Sometimes, we see Jesus pictured too often as a "genial good fellow," who forgave everybody
from the woman taken in adultery, the lying Simon Peter, stealing tax collector,
Zacchaeus, the thief on the cross.
But what we have forgotten is that this forgiveness has upon it the costliness of the cross;
the indignation of the one who could drive out from the temple the money-changers
who made excessive profits, who made a "racket" out of poor people's desire for worship;
and the intolerance of one who could not stomach the hypocrisy and double-dealing of the Pharisees,
who "cleansed the outside of the plate, but inside they are full of extortion and excess
."
(Matthew 23:25)

As a result of His refusing to put up with evil, they killed Him!
We must never forget that.
But we must also remember that His method of meeting evil did not save him from the cross,
it did have its own saving influence from which men can never escape.

Remember tolerance is evil when we are so broad-minded that it makes no difference
what anyone believes or does so long as he doesn't get in our way.
When such indifference reduces truth, right, justice, and mercy to a nothingness,
a matter of little or not important is the wide easy way to destruction.

The worst threat to our human welfare today is not communism or terrorism,
as dangerous as they are, but rather the indifferent tolerance that believes nothing with conviction
and takes no stand on any issue, for to do so will "hurt the business," "is unsafe,"
and other such reasons.

This is the great danger of the free world, as Sara Henderson Hay pictures it in her poem:
Heresy Indeed

"It is a piteous thing to be
Enlisted in no cause at all,
Unsworn to any heraldry;
To fly no banner from the wall,
Own nothing you would sweat or try for,
Or bruise your hands or bleed or die for.

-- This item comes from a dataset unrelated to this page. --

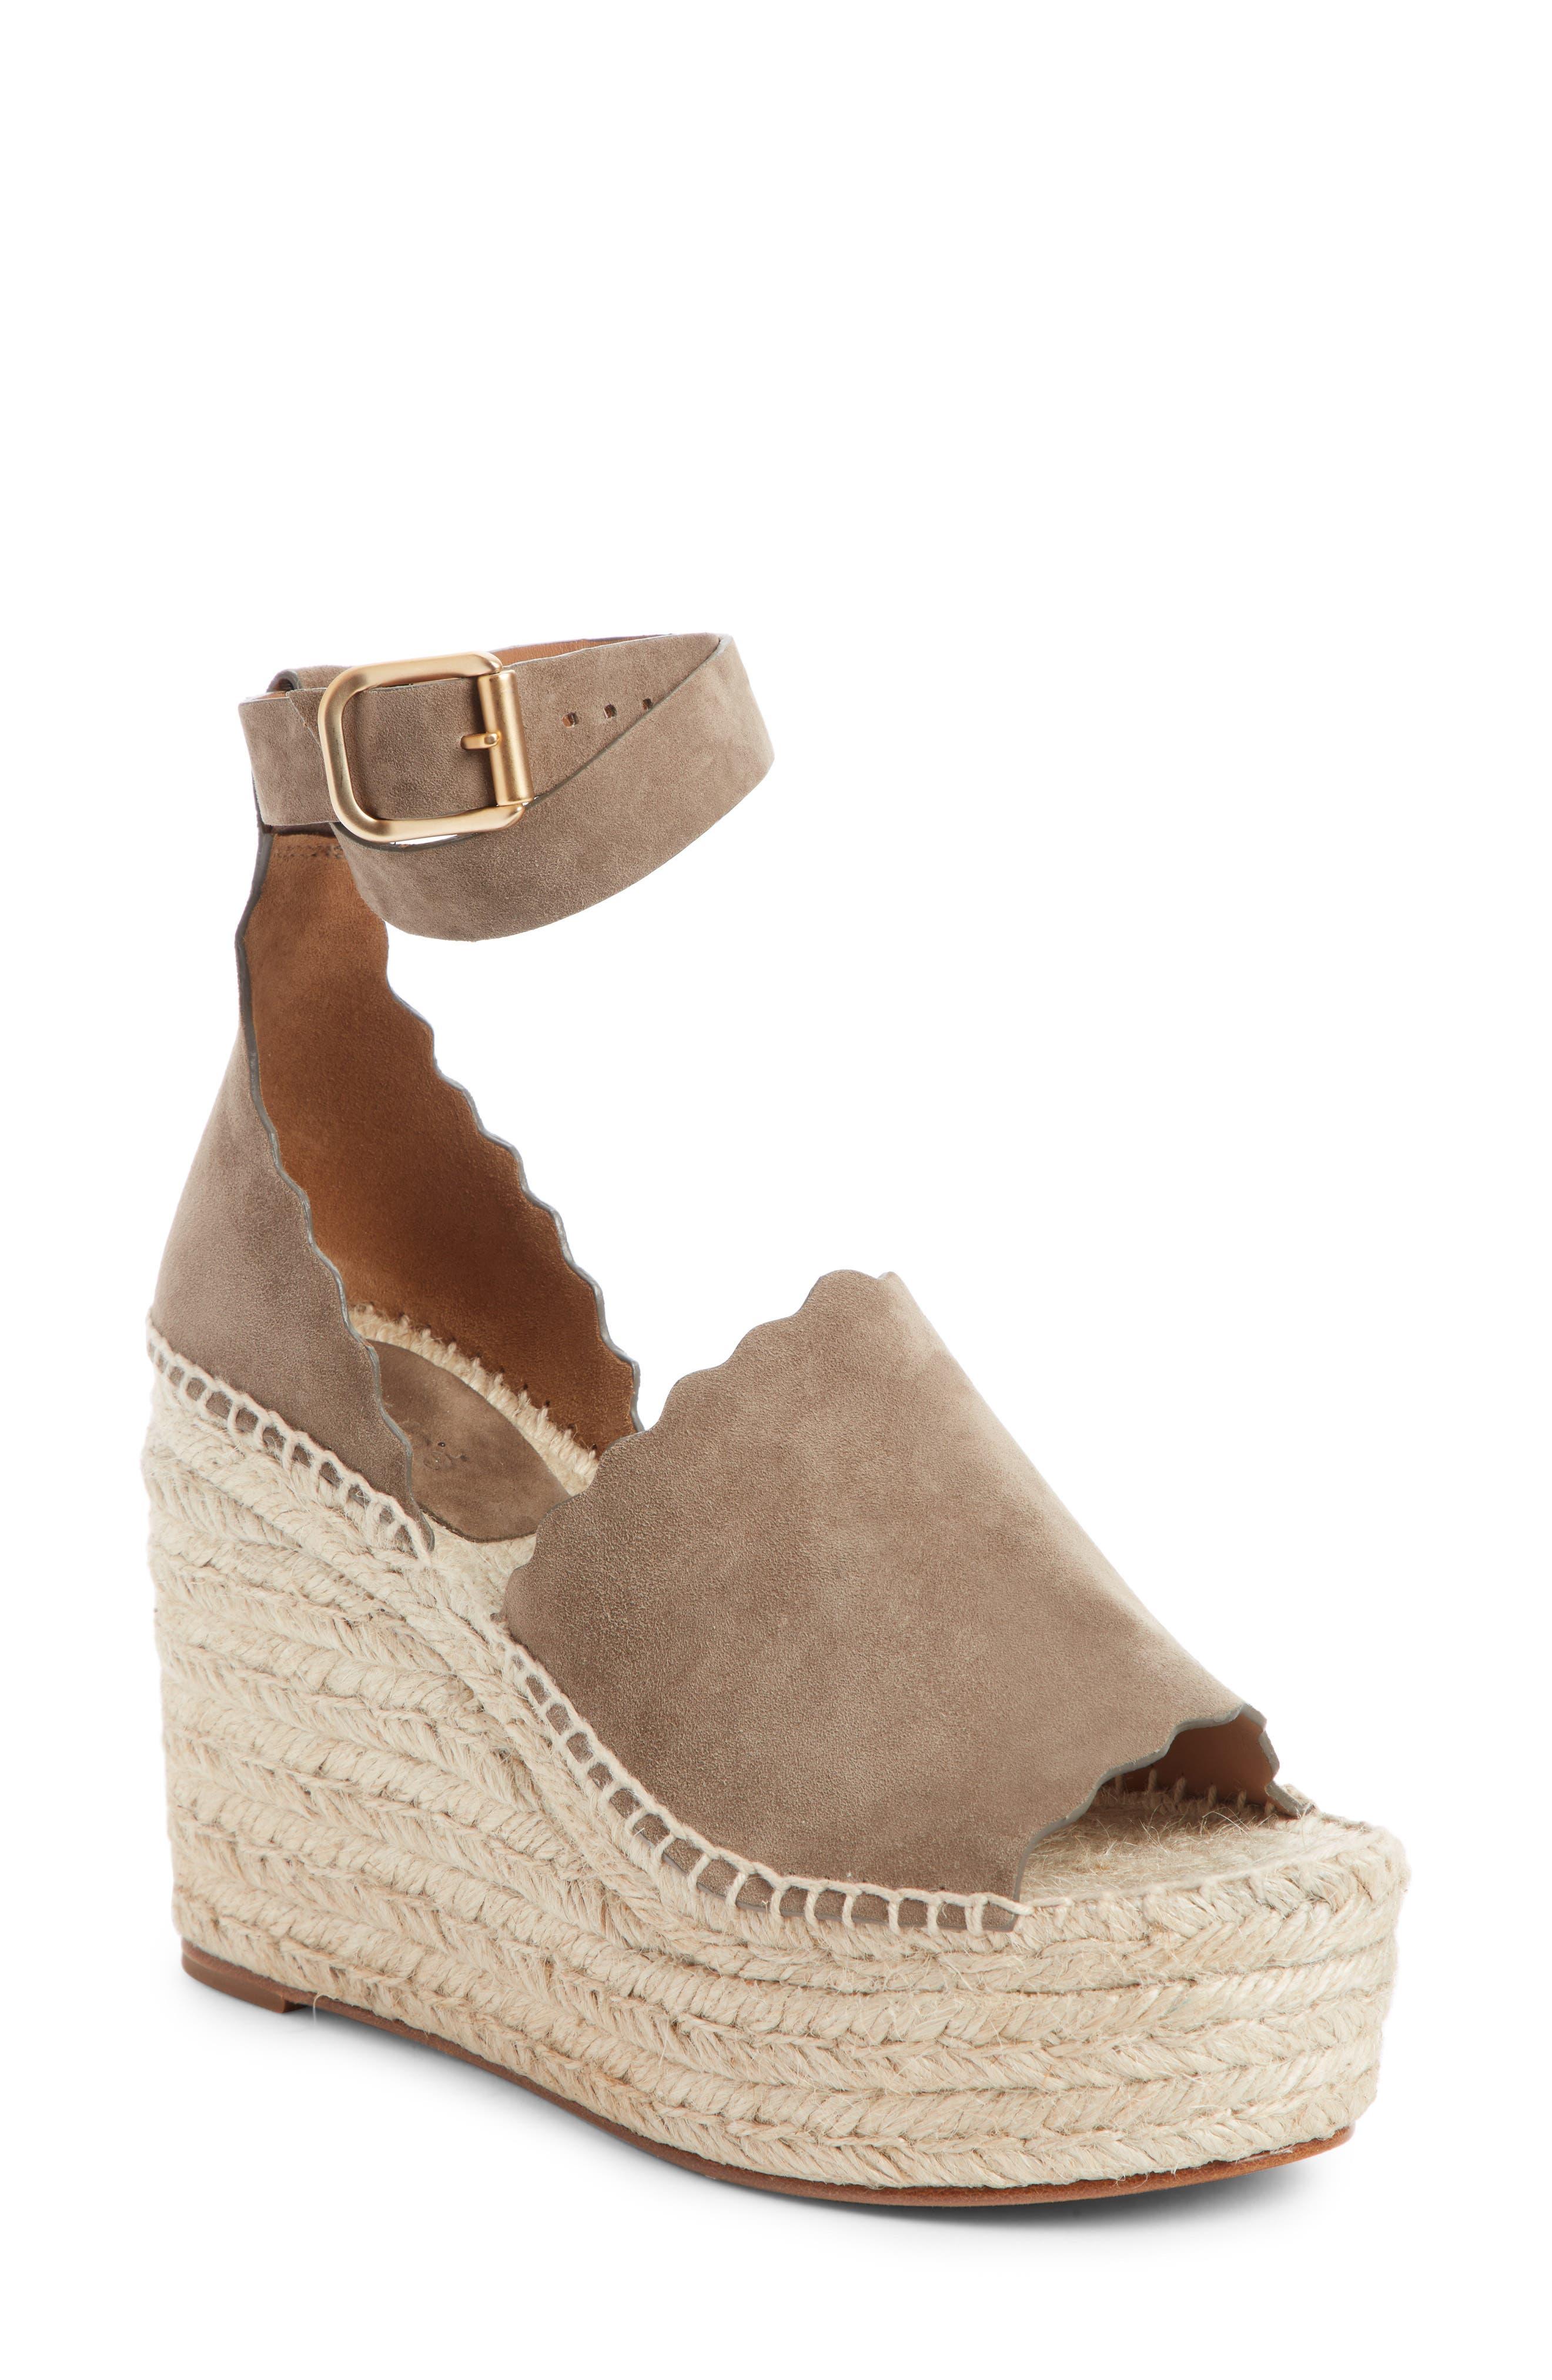 Lauren Espadrille Wedge Sandal,                         Main,                         color, MAPLE BROWN SUEDE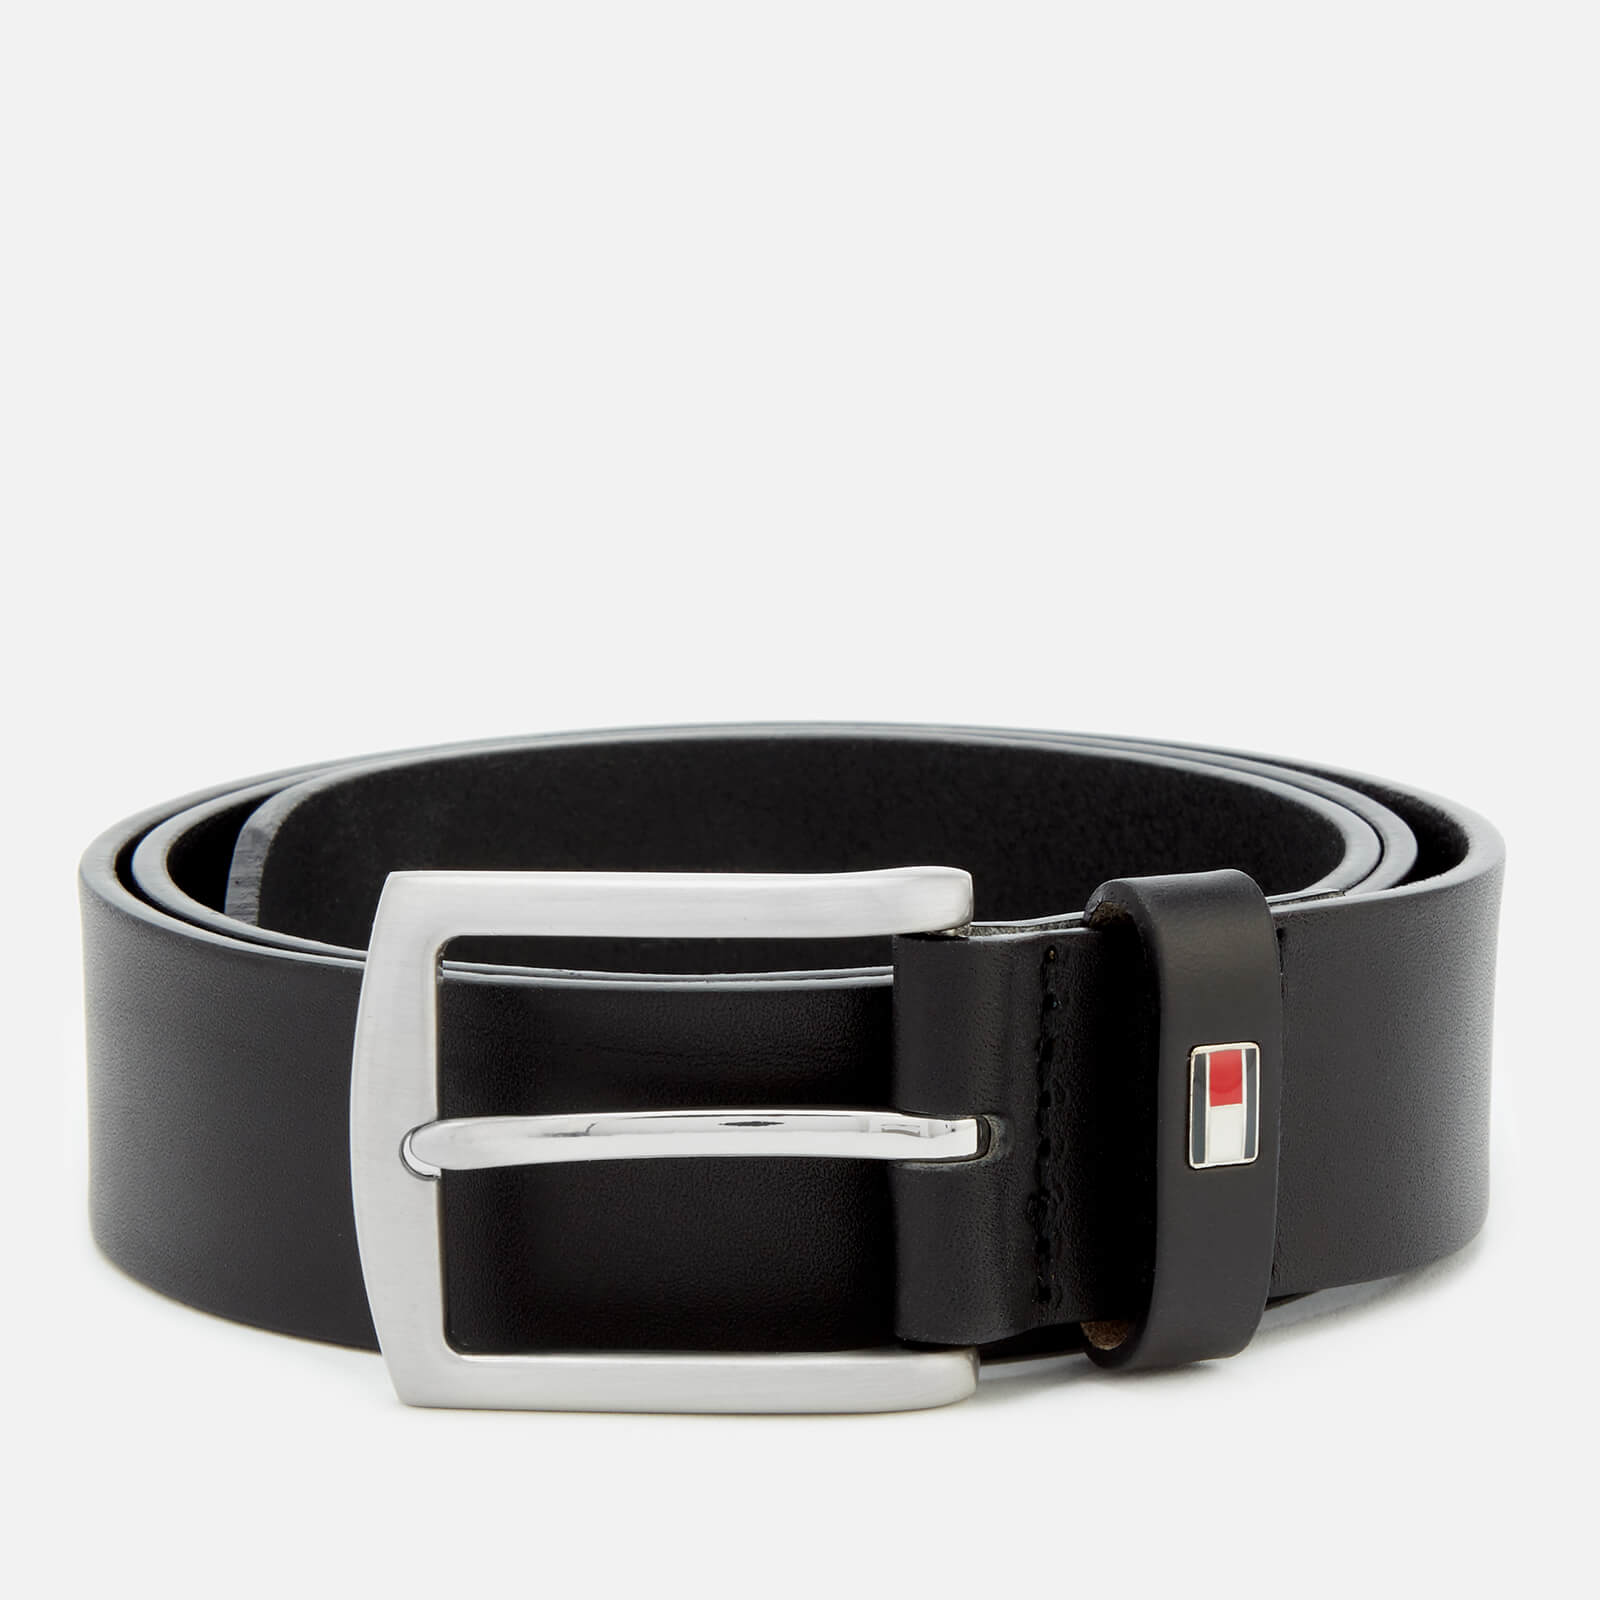 e4e77b5f576 Tommy Hilfiger Men's New Denton Belt 3.5 - Black

To take the smooth and middle path,
The half-heart interest, the creed
Without extreme of hope or wrath,
Ah, this were heresy indeed
That all God's pity will not stay for,
And your immortal soul will pay for."

Nevertheless, there is a need for the right kind of intolerance, and there is a narrowness about truth
that demands reverence and respect.
The truths about electricity and atomic fission are exceedingly narrow.
Vary only 1 millionth of an inch, disregard the truth in the smallest way, and suffering and destruction will follow.
So that is how it is with truth about life.

Jesus said, "Enter by the narrow gate… for the gate is narrow and the way is hard, that leads to life,
and those who find it are few
."
And in Luke 9:24 Jesus said, "Whoever would save his life will lose it;
and whoever loses his life for my sake, he will save it
."
That is to say that self-centered living is going to destroy you and your happiness and your home.
Unless you put God into the center of your life, eventually, you will find utter futility and destruction.

We need men and women who will not be moderate or tolerant of ideals and acts that limit
or destroy the dignity and freedom of the human spirit.
Tolerance is dangerously vicious when it is an expression of careless unconcern for the truth
upon which the well-being of ourselves or of others depends.

Tolerance is an expression of wise love when it refuses to excuse the evils in our lives, in our homes,
and in our society, simply because they are the customer things.
Just because the thing is a custom does not make it right.
We must not excuse the evils in our lives just because it is popular and that everybody is doing it.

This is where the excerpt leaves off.